■ WHAT YOU NEED TO DO:
Exact copy, pictures excluded: the lines from the one containing "Drops wellington boots" to the end of the listing.

■ INFORMATION PROVIDED:

####

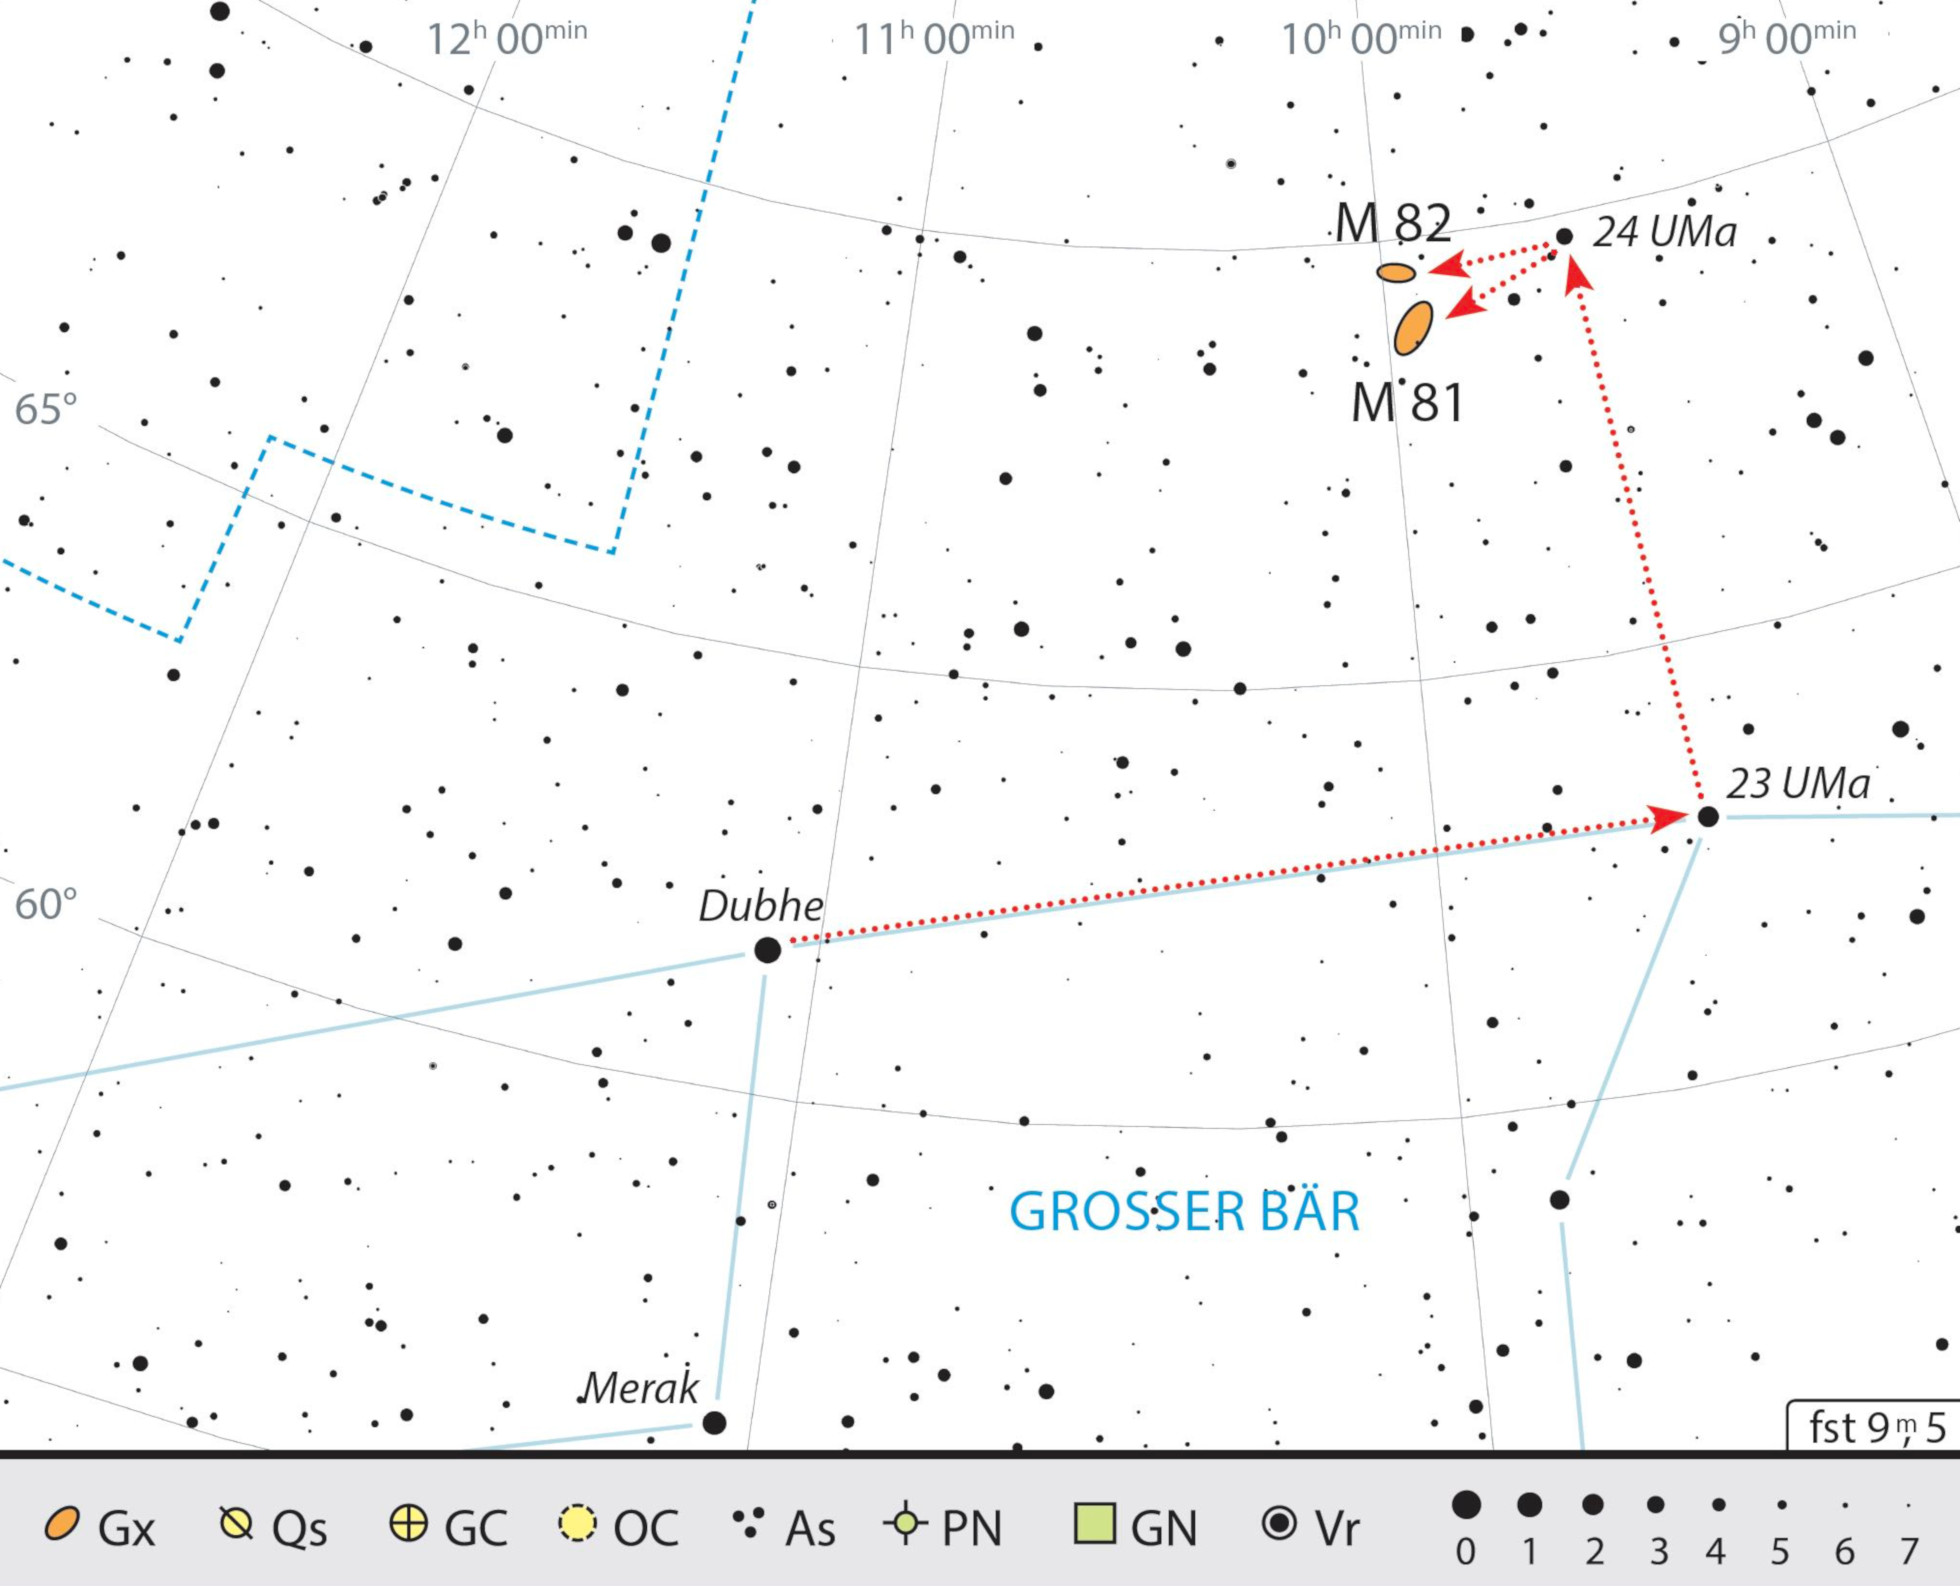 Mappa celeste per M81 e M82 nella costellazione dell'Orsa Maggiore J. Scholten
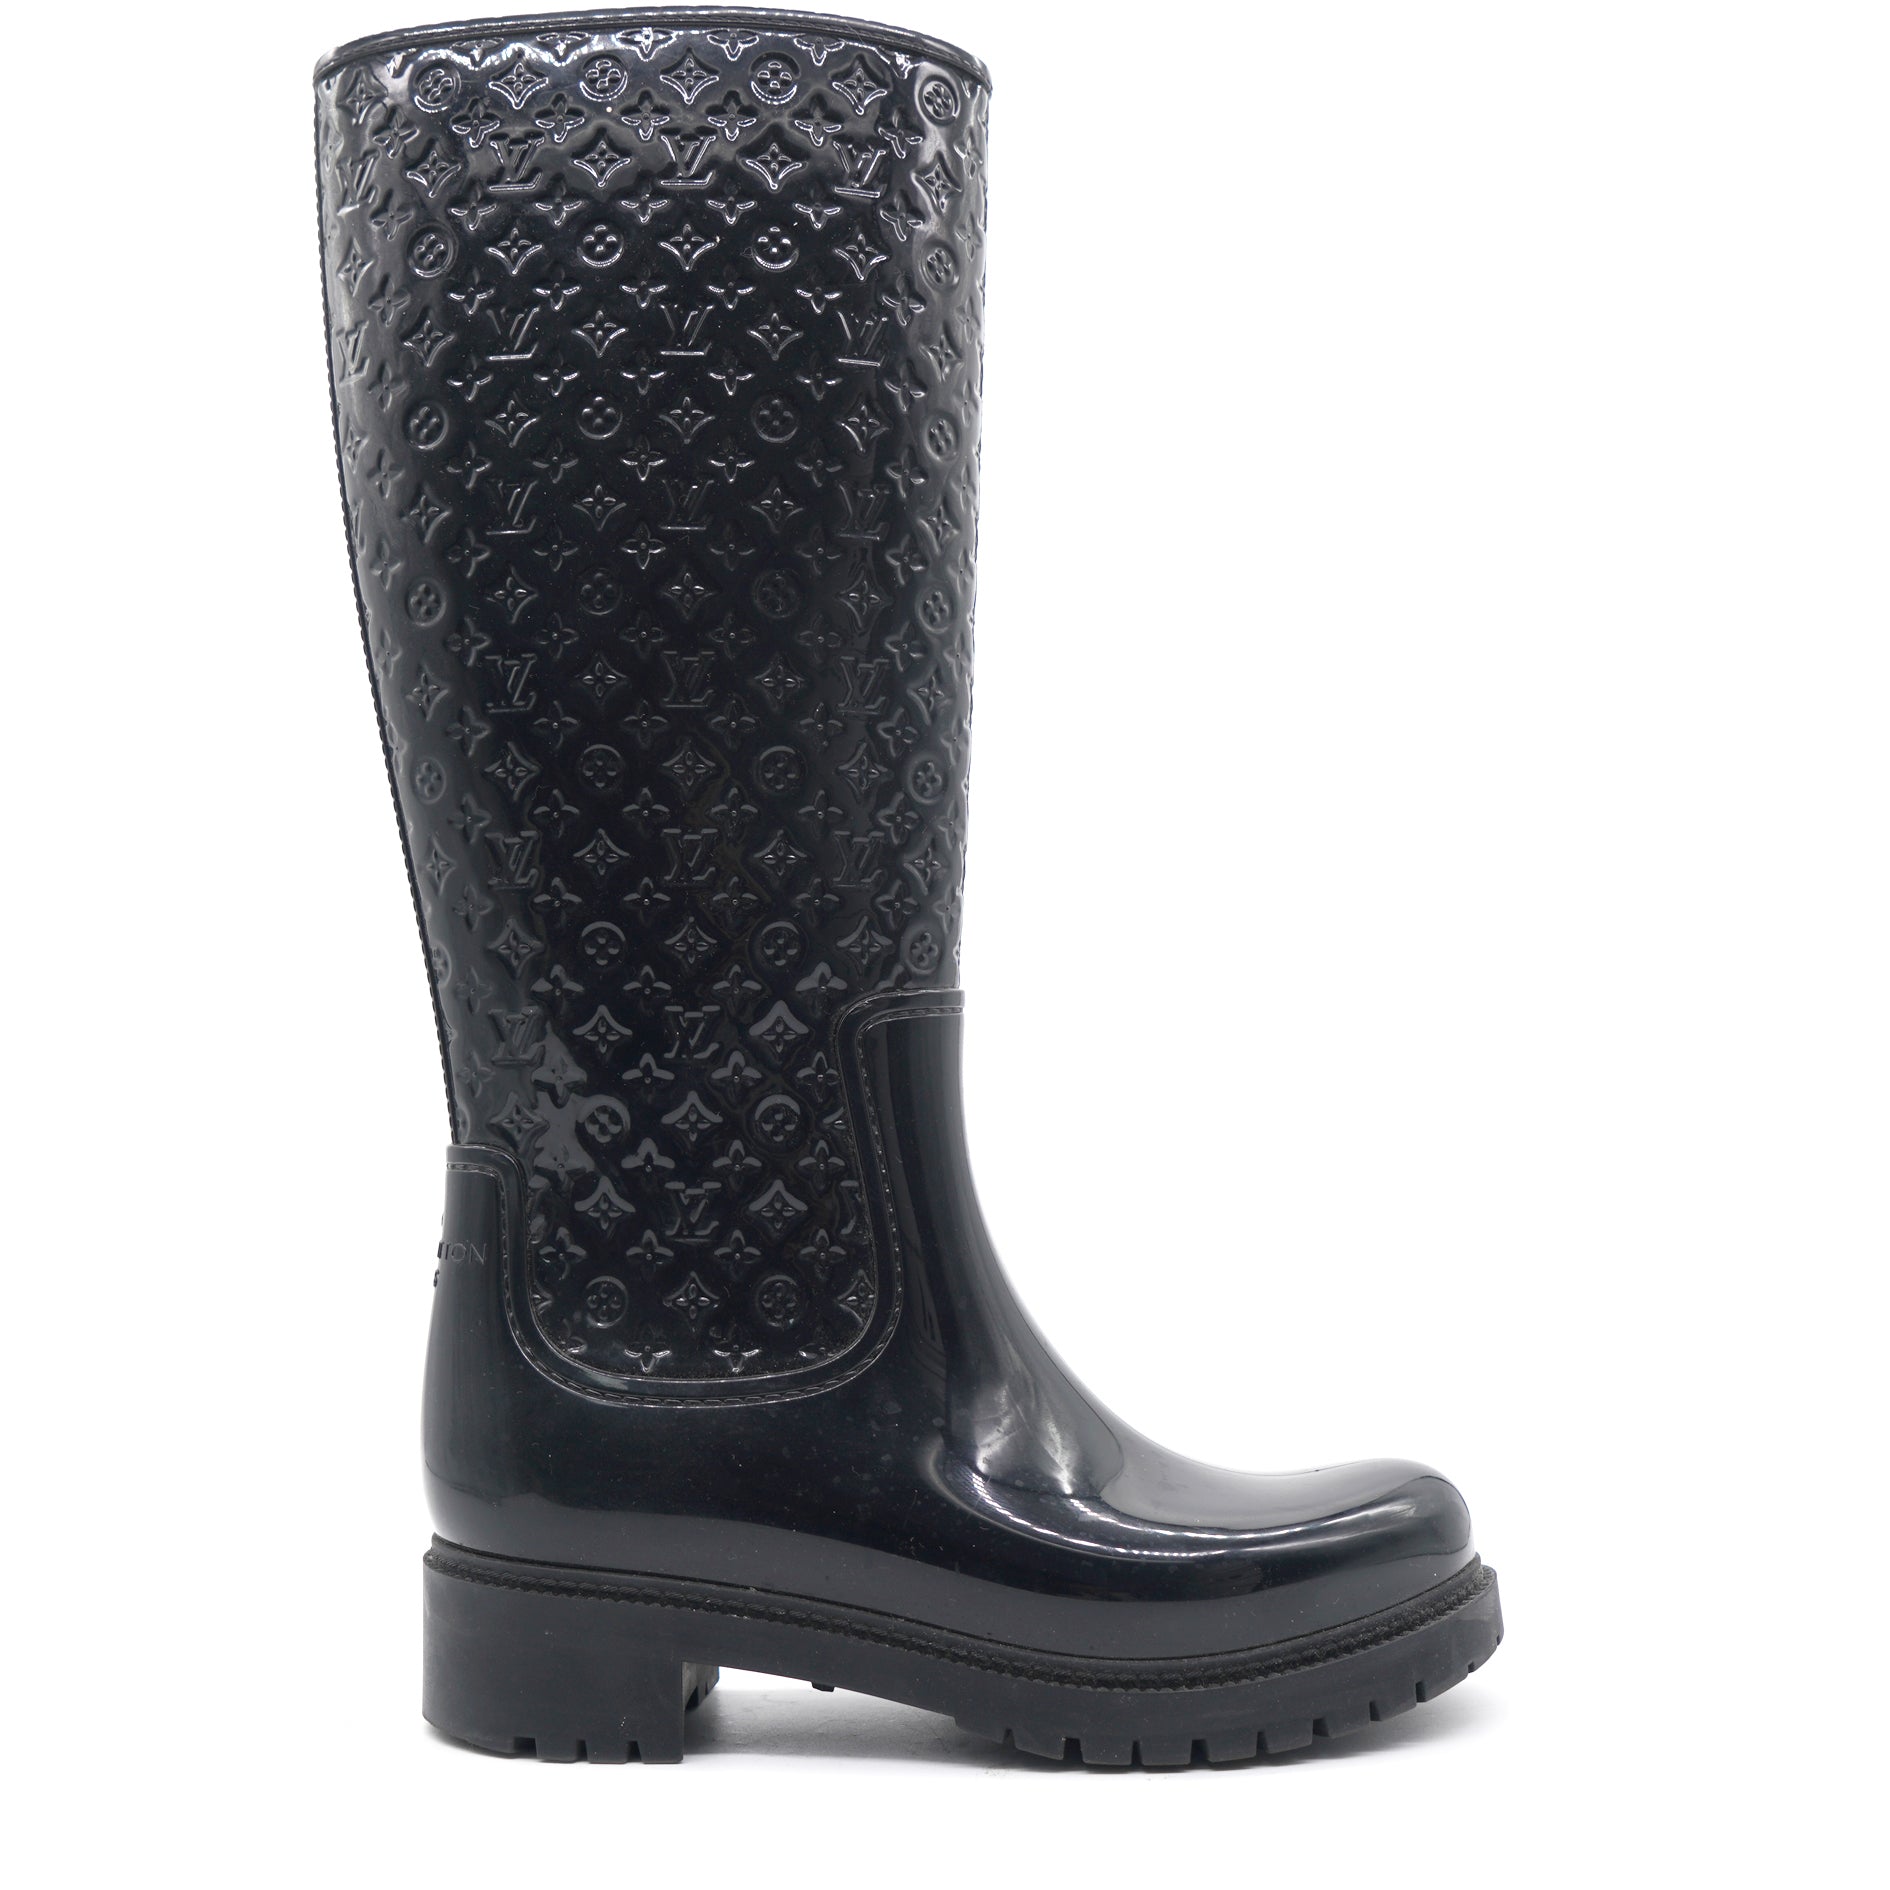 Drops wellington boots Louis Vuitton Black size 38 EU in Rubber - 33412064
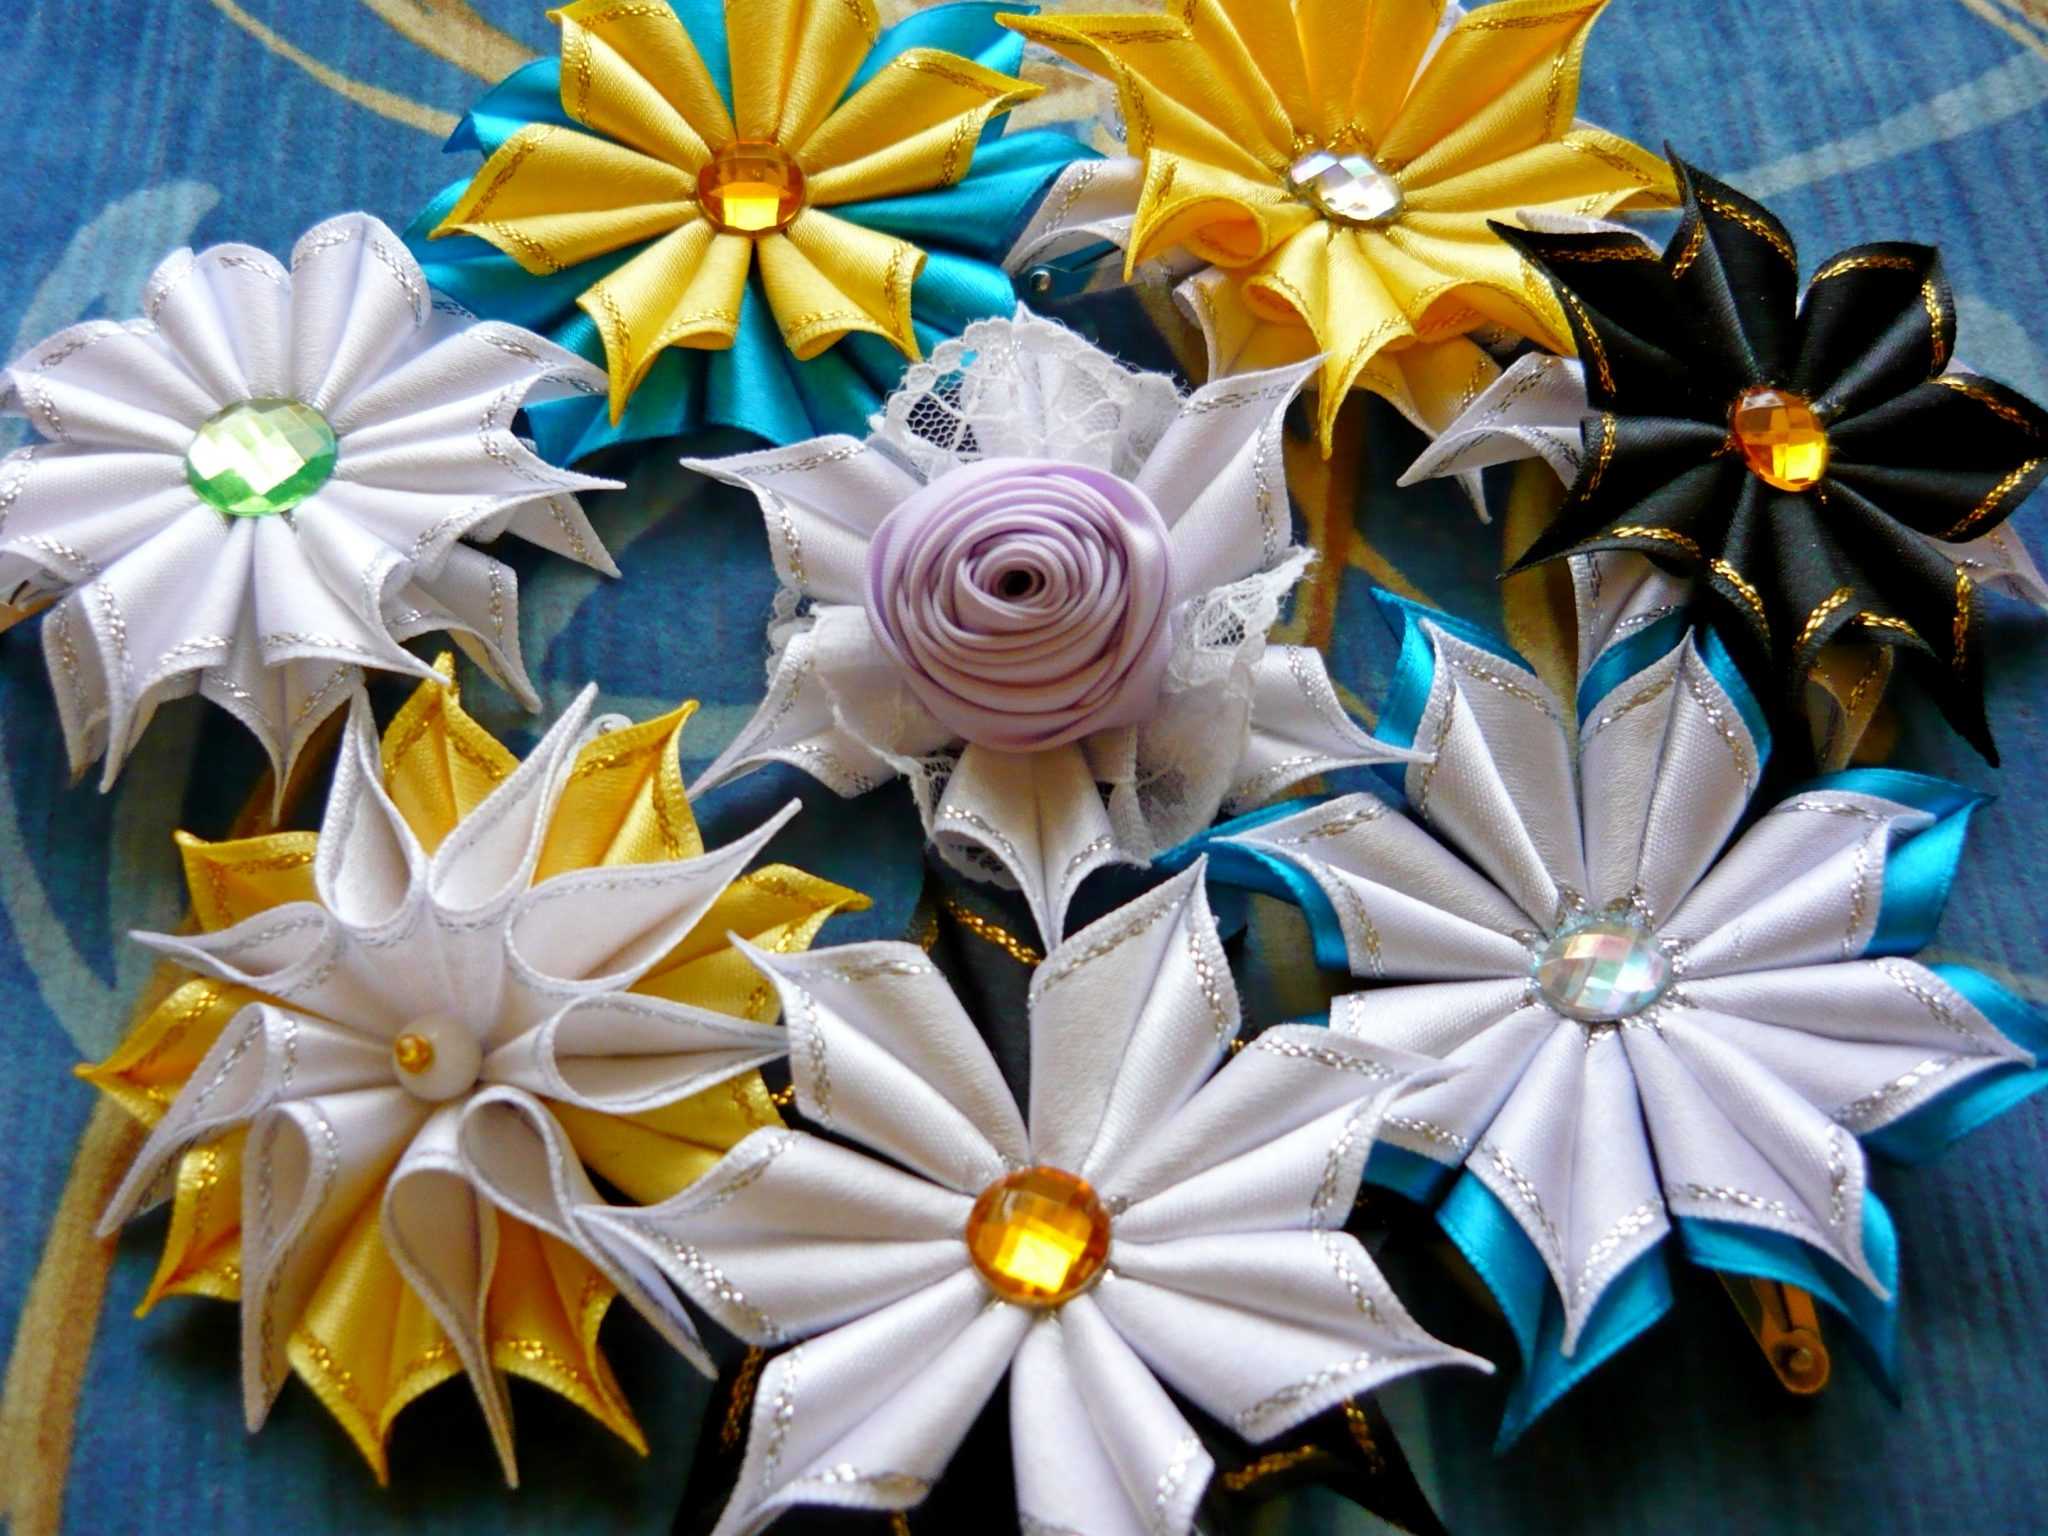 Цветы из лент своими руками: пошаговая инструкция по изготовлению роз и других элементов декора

####

■ ANSWER SPACE:
 Drops wellington boots Louis Vuitton Black size 38 EU in Rubber - 33412064
 Цветы из лент своими руками: пошаговая инструкция по изготовлению роз и других элементов декора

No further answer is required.